Protecting the Amazon for The Future

Statements of Support

Biden-Harris Administration Meeting The Moment

The U.S. Climate Principals Group welcomes President Biden and Madam Vice President Harris’ commitment to strengthening U.S. climate policy, rejoining the Paris Agreement and convening world leaders to accelerate global action to address climate change, which they have rightly characterized as an existential threat to humanity. We also endorse the Biden-Harris commitment to mobilize $20 billion to protect the Amazon rainforests, which are disappearing at an alarming rate and are critical to the climate system, public health, human rights, and biodiversity. 

Protecting the Amazon will require new policies, skilled diplomacy and great determination.  We are confident the administration understands that solutions must benefit the countries, communities and forest-dependent people in the region by contributing to sustainable development. 

U.S. efforts to protect the Amazon should be carried out in partnership with our allies in South America and around the world.

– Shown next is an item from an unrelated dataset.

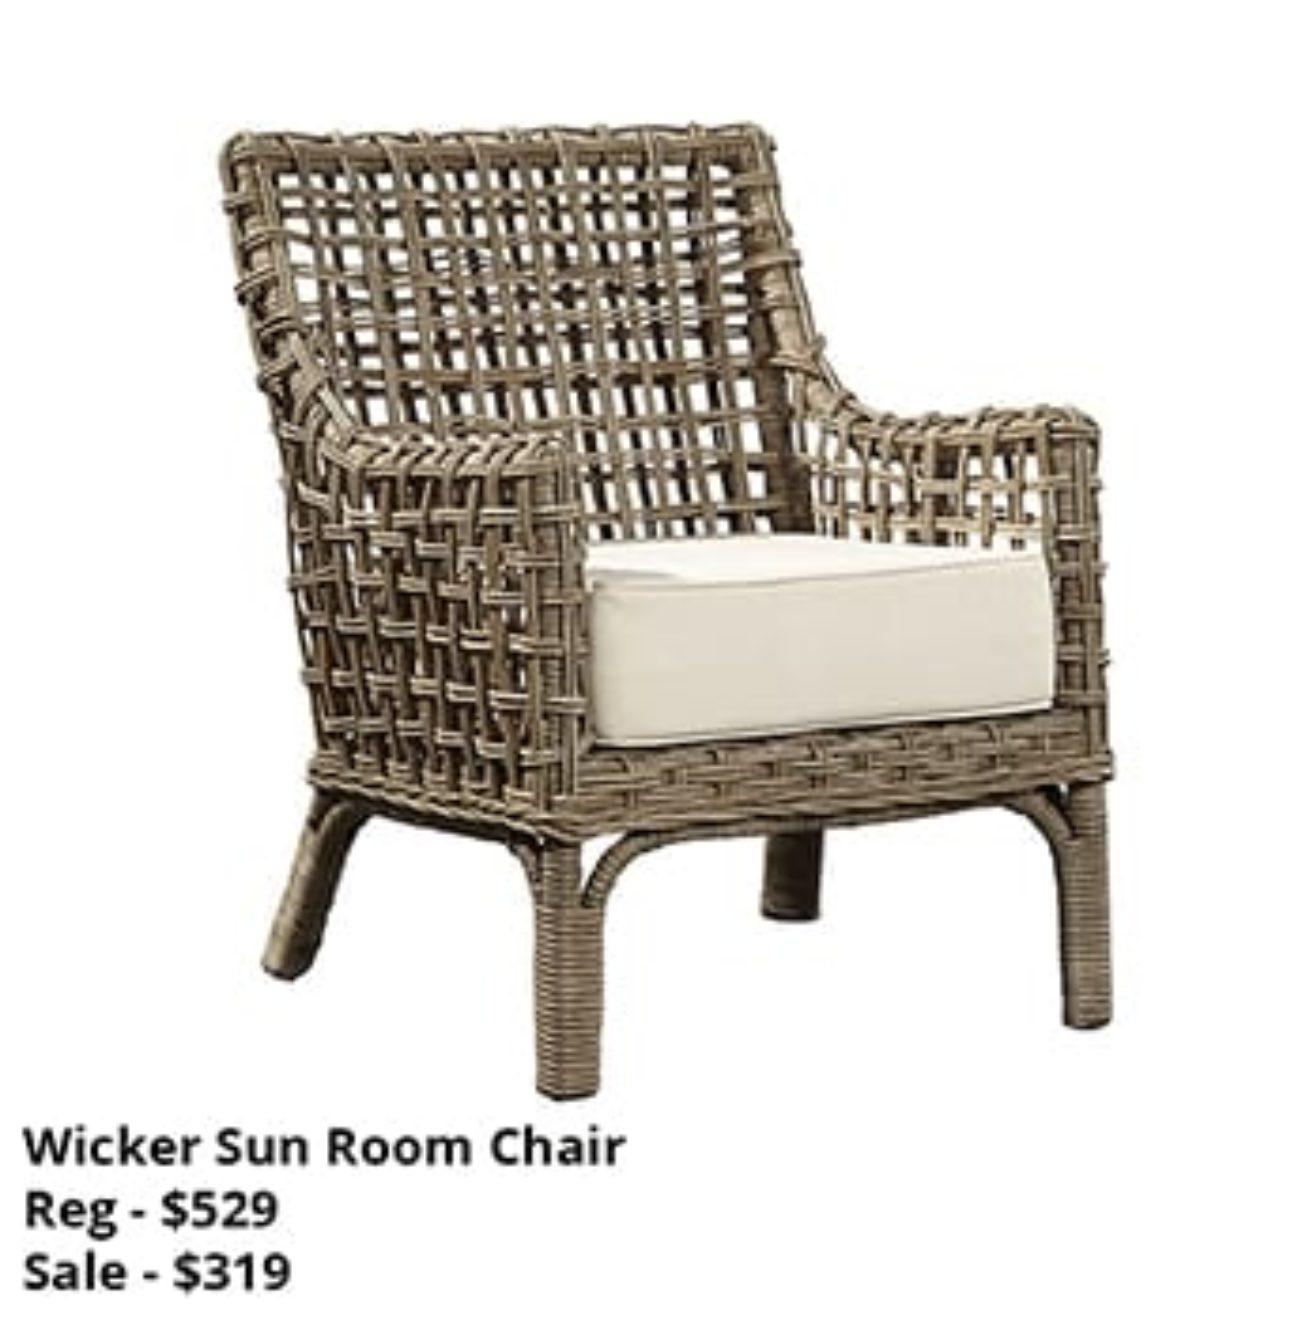 Wicker Sun Room Chair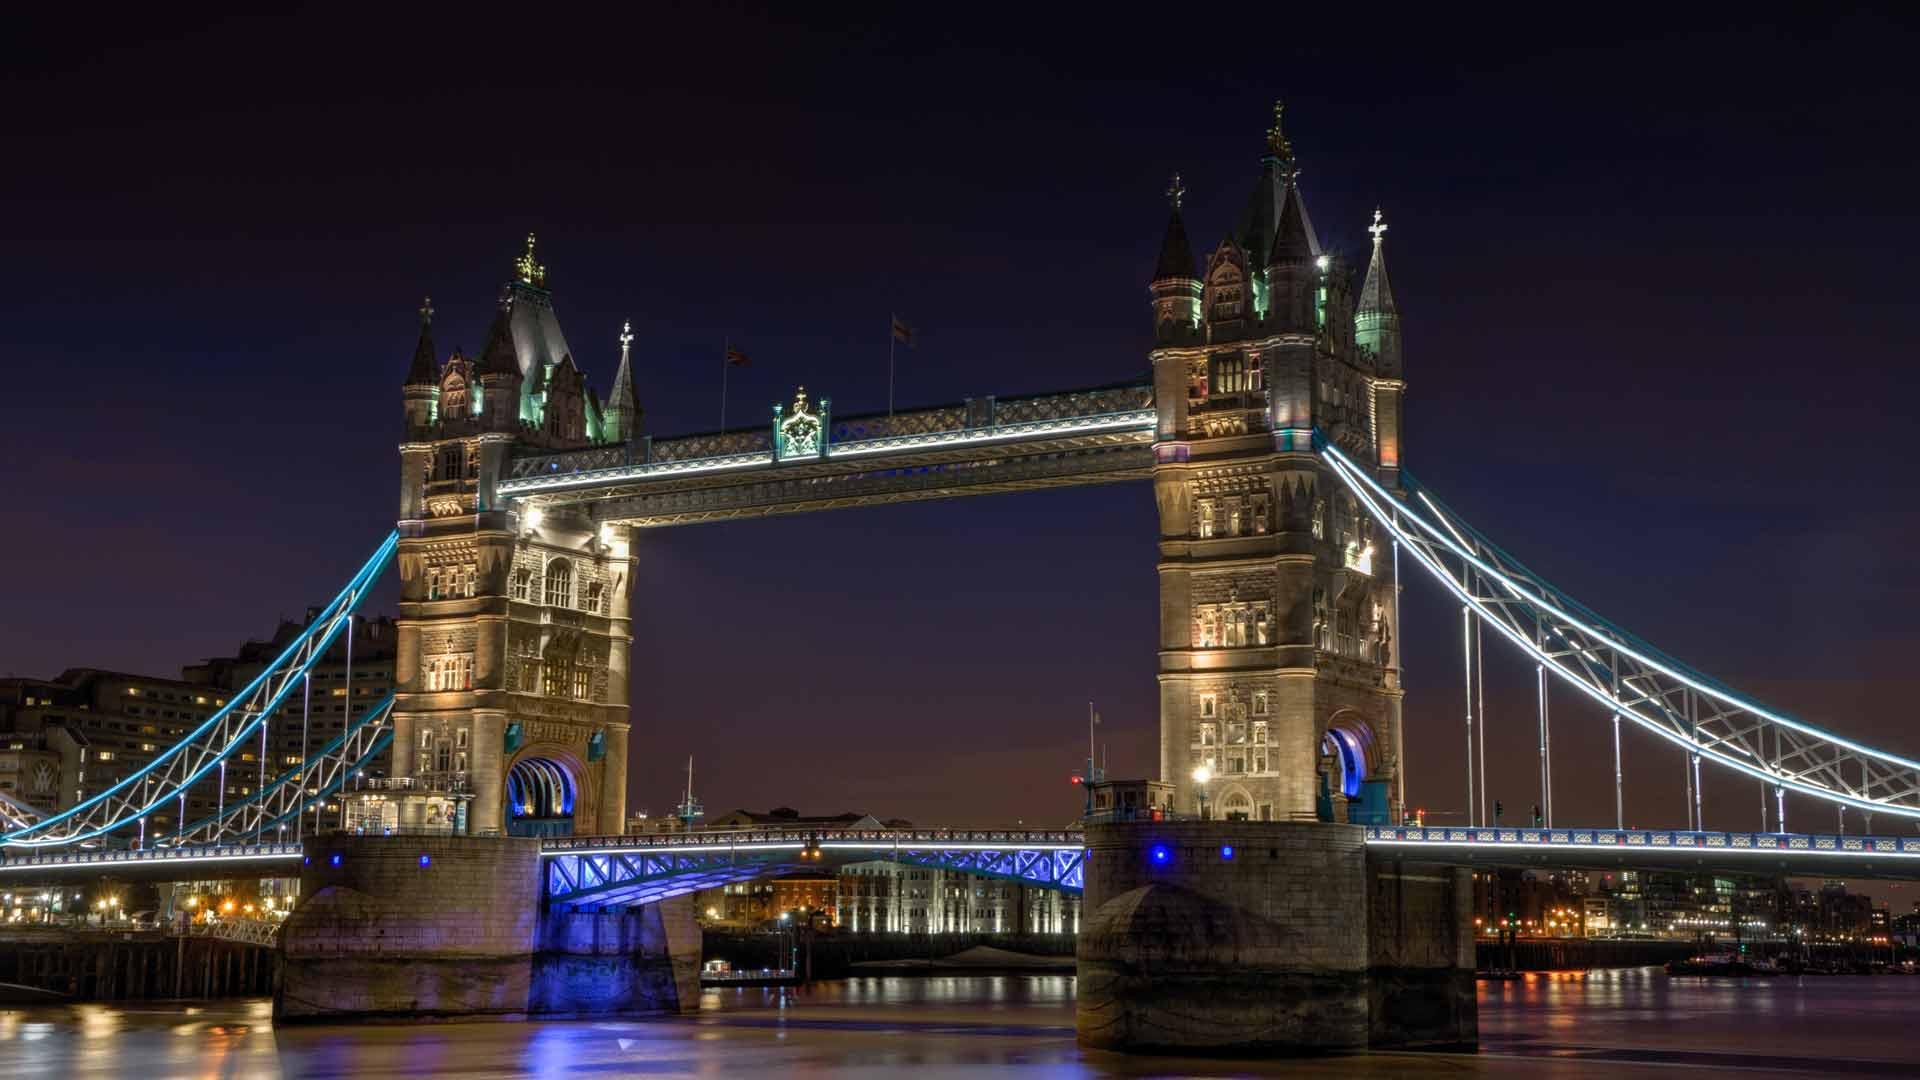 Semplificare l'aggregazione dei dati - il caso dei Tour Operator

As President Biden and Madam Vice President Harris have said, we need to engage Brazil constructively in the spirit of friendship and with new economic incentives. Additionally, the administration should also seek to expand current U.S. support to other globally significant tropical forest regions, including Mesoamerica, Indonesia and Southeast Asia and the Congo Basin as well.

Implementing the Amazon Protection Plan fully will require cooperation from Congress, of course. Fortunately, protecting the Amazon has been a bipartisan American foreign policy goal for decades. With support from both parties in Congress, Presidents over the past twenty years have championed the protection of the Amazon. With strong leadership from the Biden-Harris administration, we hope Congress will continue to support this important agenda. If helpful, we will assist the administration in rallying support for Amazon protection.